Tehran and Damascus firmly suspected that regime change in Baghdad would extend to them as well. Washington consistently has accused both countries of supporting Iraq's insurgency; and in the case of Iran, accusations include the transfer of arms and training for insurgents.

By contrast, the other four neighbors - Turkey, Saudi Arabia, Jordan and Kuwait - are long-standing allies of the U.S.

Iran and the Saudis are eyeing each other nervously in Iraq. Riyadh, already unnerved by Iran's nuclear program, sees Iran attempting to use a Shia-dominated Baghdad as an ally in its quest for regional dominance. Tehran, in turn, fears Saudi-supported Sunni jihadist movements and the emergence of a pro-U.S. Iraq aligning itself against Iran.

Turks, Iranians and Syrians would like to see the Kurdistan Regional Government (KRG) subjugated to Baghdad's control, if not disappear altogether. In their minds, a Kurdish province in an Iraqi federal state could inspire secessionist impulses among their own much-maligned Kurdish populations.

Saudis and other Arabs are unsympathetic to federalism, believing that Kurdish aspirations will one day lead them to secede and carve out another non-Arab country in the region or the Shia will create a superfederal region of their own.

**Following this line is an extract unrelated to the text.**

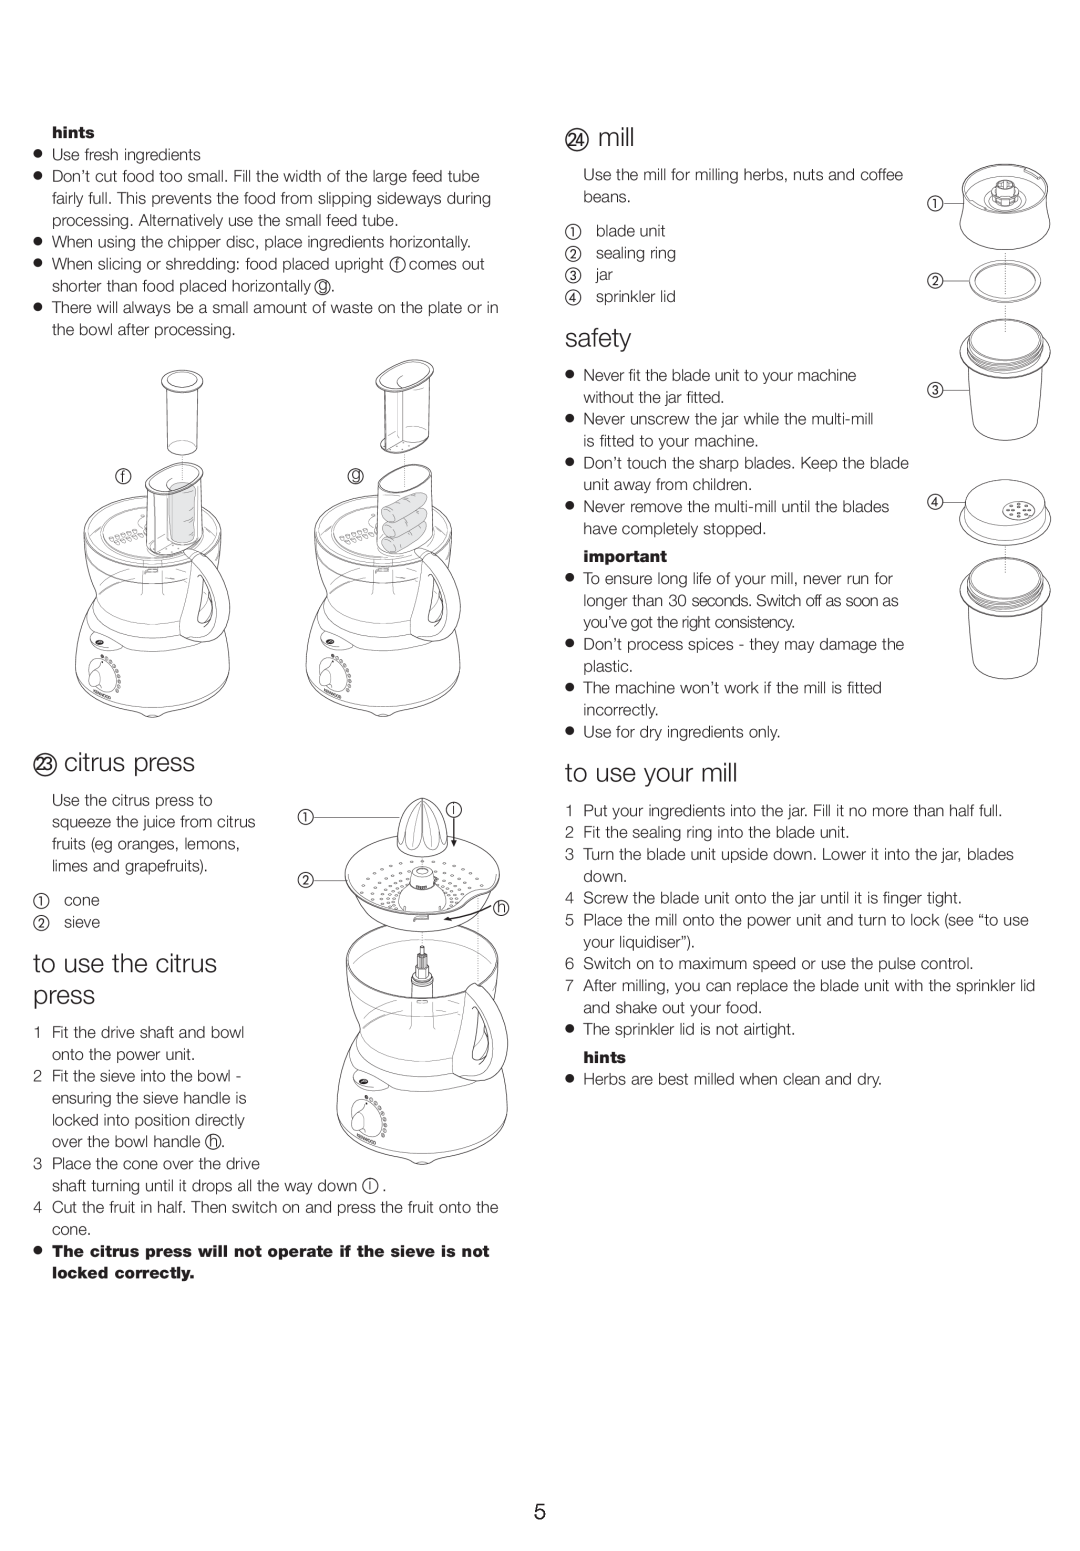 Kenwood FP582 manual to use your mill, to use the citrus press, safety

The U.S. and Iraq's neighbors, however, do share one common goal: Iraq's territorial integrity. Where they disagree is on the internal arrangements. This provides a foundation on which Washington can begin a diplomatic initiative to construct a regionwide understanding.

The most important first step is to work with the allies individually to unscramble conflicting U.S. and Iraqi concerns on one side and Turkish, Saudi, Jordanian and Kuwaiti ones on the other.

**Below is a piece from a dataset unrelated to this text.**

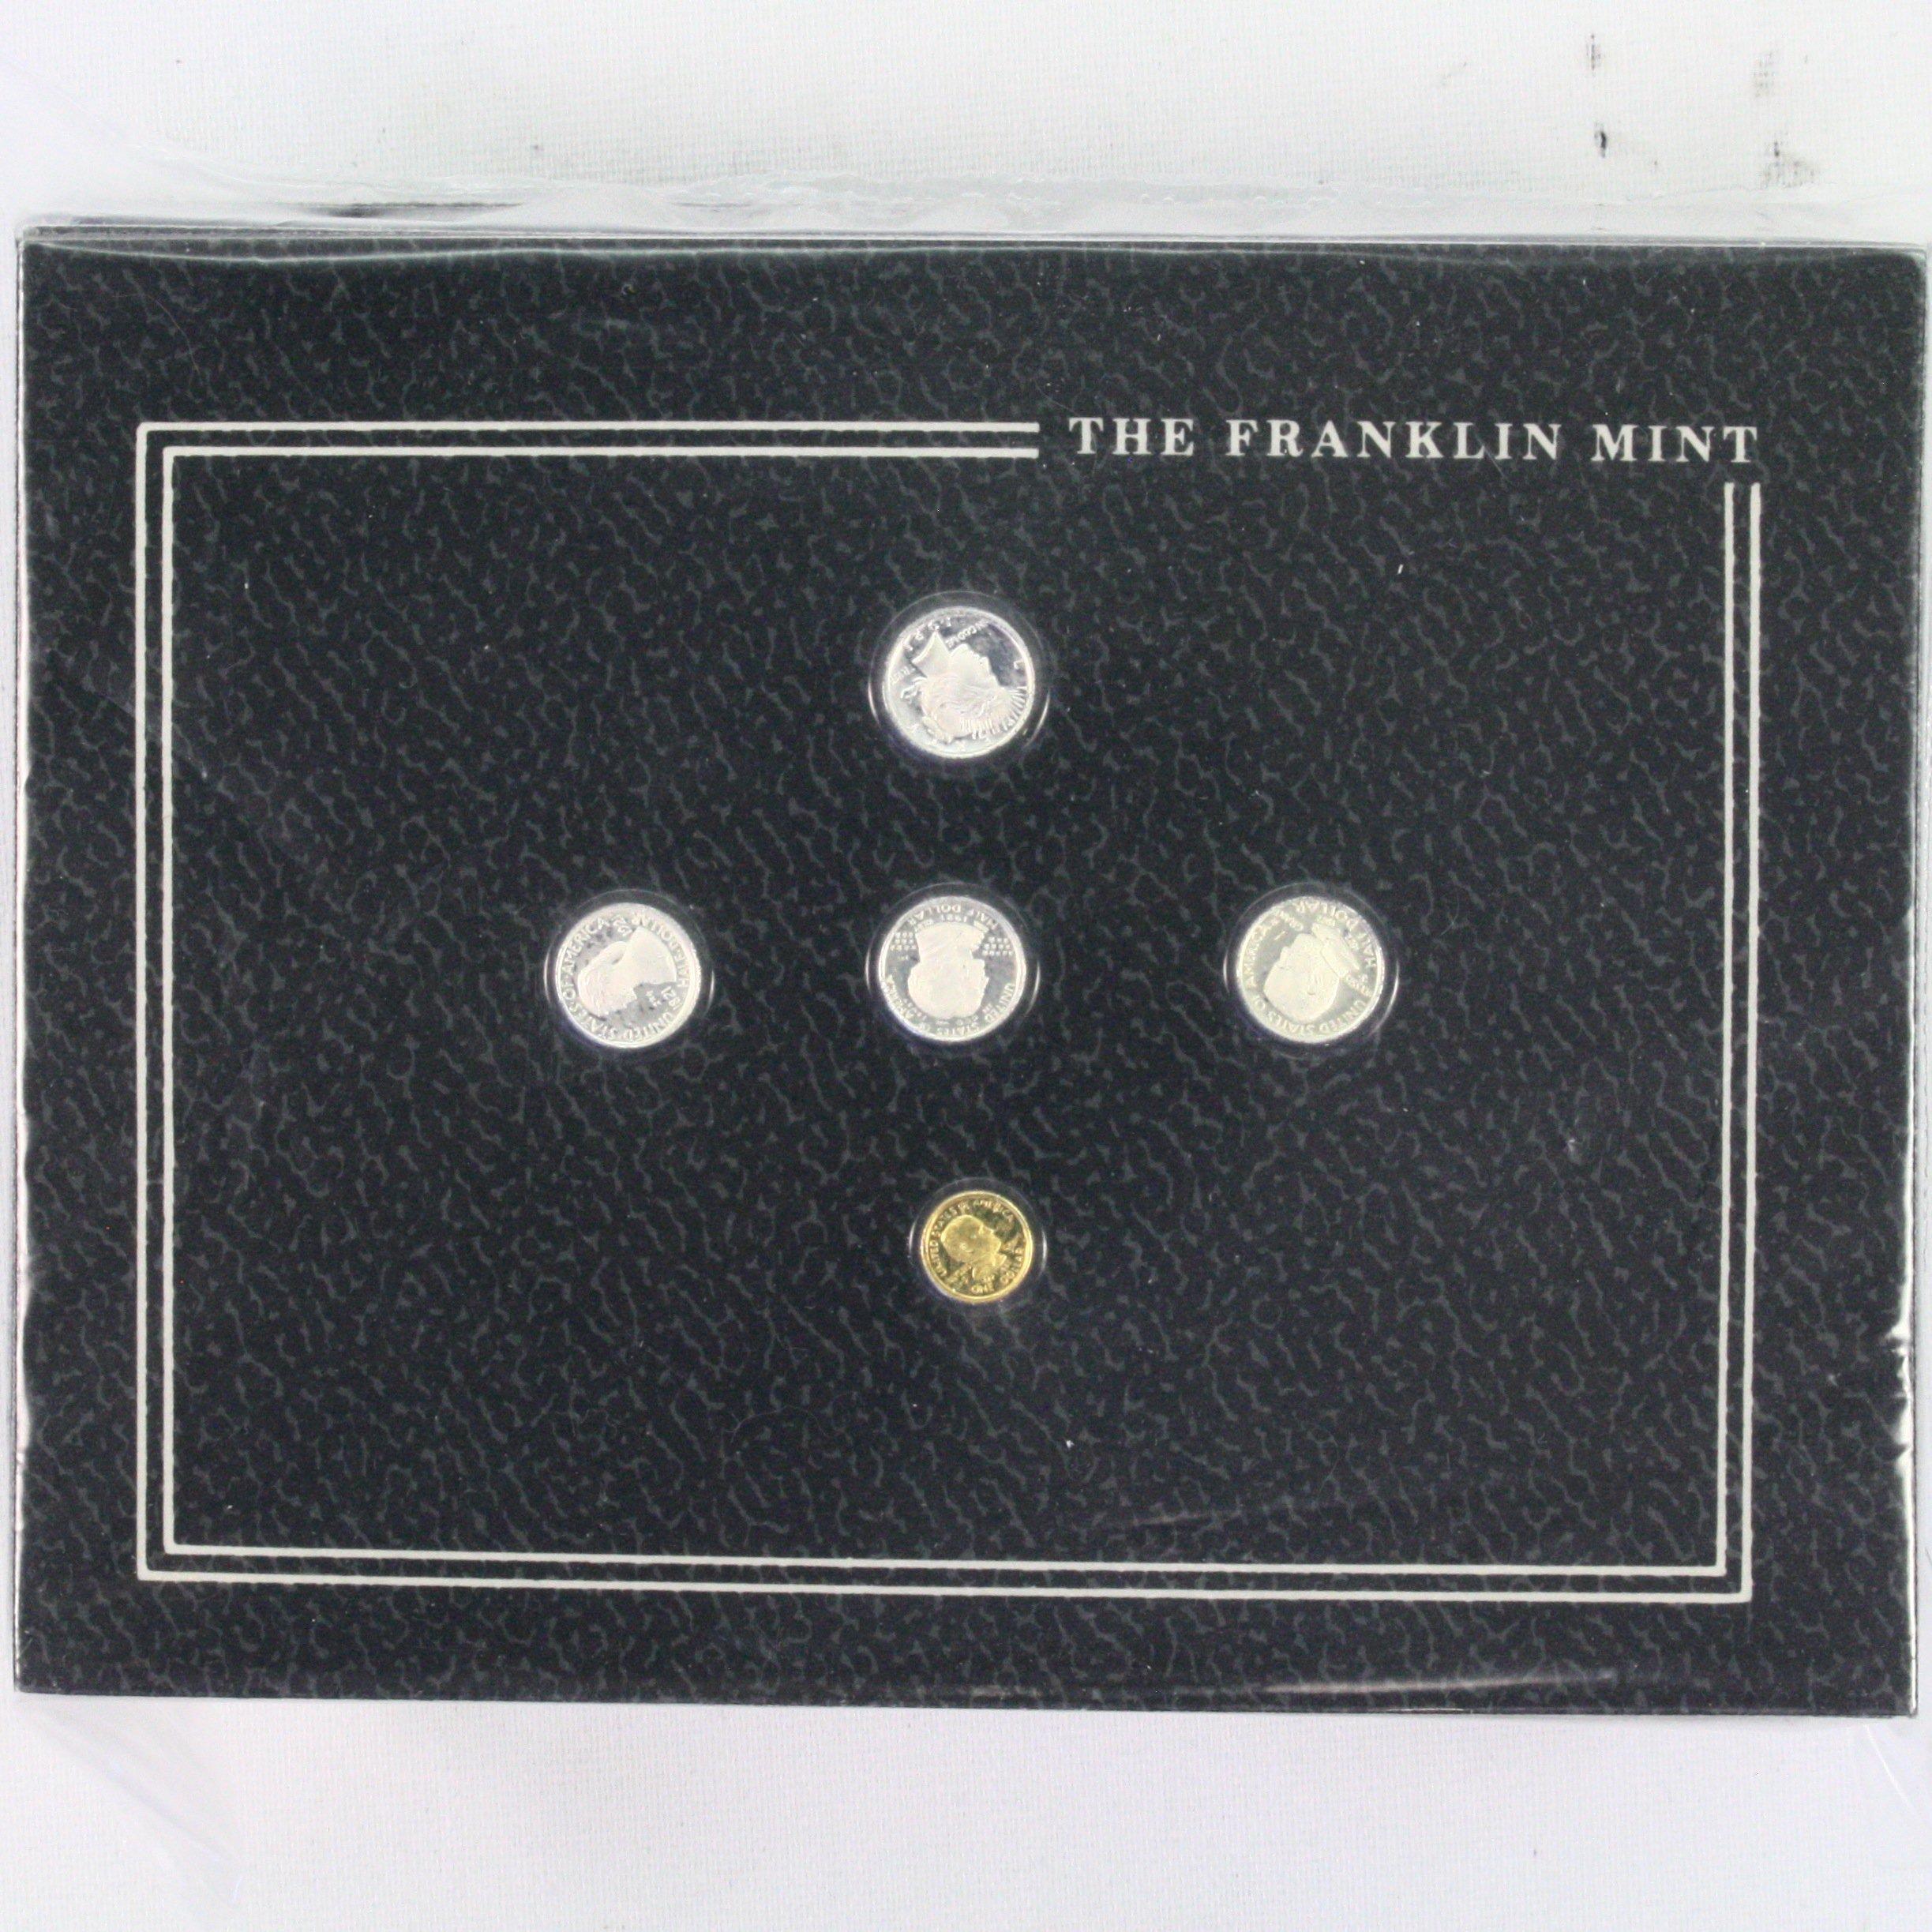 1981 Franklin Mint 114-piece miniature coins of the United States replicas

Once progress is made, Washington can bring Iraq and the four neighbors together to constitute an informal front. Such a strategy would strengthen United States' weak hand and make it easier to engage the Iranians and Syrians.

Washington should urge the Saudis to stop their nationals from joining the fight in Iraq and also halt the transfer of Saudi petrodollars to jihadist networks all over the world.

The Saudis, in exchange, may require new security understandings from the United States, confirmation of Iraq's place in the Arab fold and agreement between Iraq and the Persian Gulf countries on security arrangements against Iran.

Iraq will want the Saudis to use their considerable influence over Sunni tribes to get them to commit to working with the central government after a U.S. withdrawal.

Similarly, among Turkey, the Iraqi Kurds and Baghdad, there is a deal to be made.

Iraqi Kurds want assurances from Turkey that it will not intervene in Iraqi domestic matters against them and that Ankara will ensure their access to European markets for their oil and other products.

Turks want the Turkish Kurdish insurgent group, the PKK, to be forced out of northern Iraq and for the KRG not to take the oil-rich city of Kirkuk. These are hard but not impossible problems to resolve.

However, it would require a diplomatic game plan that puts together the elements of a win-win strategy for all involved. The United States should want the KRG to become an institutionalized part of Iraq and not an independent state.

For this to happen, the Turks must recognize the KRG, while Iraqi Kurds must work with the United States if the PKK is to be forced out of northern Iraq. Turkey must act as a reliable conduit for Iraq Kurds to sell their products to international markets.

Finally, a peaceful and legitimate resolution of the multiple claims to the oil-rich city of Kirkuk has to emerge without the intervention of outside powers.

Carnegie does not take institutional positions on public policy issues; the views represented herein are those of the author(s) and do not necessarily reflect the views of Carnegie, its staff, or its trustees.